I beat a (hashish) possession charge on a technicality.
   14. SouthSideRyan Posted: February 24, 2012 at 05:38 PM (#4068109)
VA, why do you keep bringing up the fact that it wasn't refrigerated as evidence for contamination? You could stick the piss on a radiator, it's not going to spontaneously generate synthetic testosterone.
   15. RMc is a fine piece of cheese Posted: February 24, 2012 at 05:40 PM (#4068110)
A man named Dick Pound must be made fun of without a shred of mercy, if for no other reason that he doesn't insist on being called Richard Pound, or maybe Rick Pound. I mean, you might as well wear a KICK ME sign on your back.

(checks wiki) His full name is Richard William Duncan Pound. He could've been William Pound, or Bill Pound. Or Duncan Pound, which is actually kinda awesome. Or even R.W.D. Pound. But no. Dick. Pound. What a maroon.
   16. Spahn Insane Posted: February 24, 2012 at 05:43 PM (#4068114)
Know how we know Braun's lying? He was born in California. (Seriously--why mention his place of birth in this context?)
   17. Brian C Posted: February 24, 2012 at 05:45 PM (#4068116)
VA, why do you keep bringing up the fact that it wasn't refrigerated as evidence for contamination?

Not to speak for VA, but I think it's worthwhile, just to show how little effort Braun's detractors have given towards getting their facts straight.
   18. Bring Me the Head of Alfredo Griffin (Vlad) Posted: February 24, 2012 at 05:47 PM (#4068117)
(checks wiki) His full name is Richard William Duncan Pound. He could've been William Pound, or Bill Pound. Or Duncan Pound, which is actually kinda awesome. Or even R.W.D. Pound. But no. Dick. Pound. What a maroon.


I suppose we should be grateful he doesn't go by Dick Will Pound.
   19. Monty Predicts a Padres-Mariners WS in 2016 Posted: February 24, 2012 at 05:53 PM (#4068123)
He’s won on a very thin legal technicality


Not just a technicality but a legal technicality. Not just a legal technicality but a thin legal technicality. Not just a thin legal technicality but a very thin legal technicality.
   20. Brian C Posted: February 24, 2012 at 06:00 PM (#4068132)
Not just a technicality but a legal technicality. Not just a legal technicality but a thin legal technicality. Not just a thin legal technicality but a very thin legal technicality.

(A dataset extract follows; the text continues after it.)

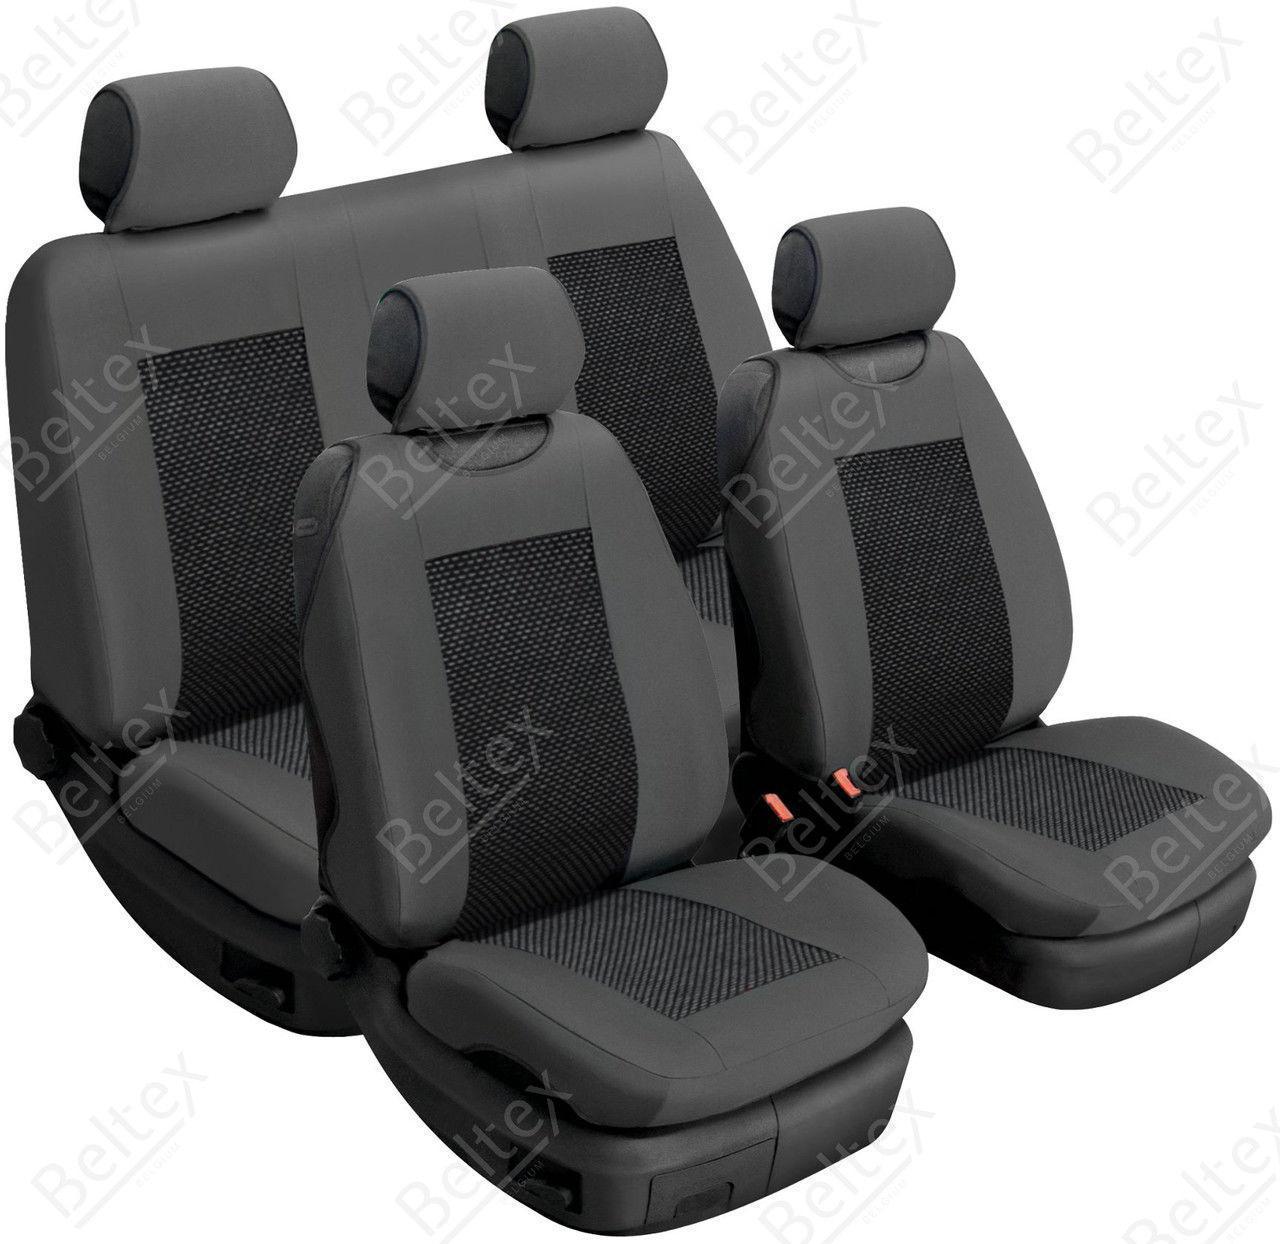 Майки/чехлы на сиденья Форд Фиеста МК4 (Ford Fiesta MK4)

Why stop there? It's not just a very thin legal technicality, but a very thin legal technicality that has no value. And not just a very thin legal technicality that has no value, but a very thin legal technicality that has no substantive value. And not just a very thin legal technicality that has no substantive value, but a very thin legal technicality that has no substantive value at all.

NewtSpeak, ftw.
   21. Jose Is The Most Absurd Thing on the Site Posted: February 24, 2012 at 06:01 PM (#4068133)
Not to speak for VA, but I think it's worthwhile, just to show how little effort Braun's detractors have given towards getting their facts straight.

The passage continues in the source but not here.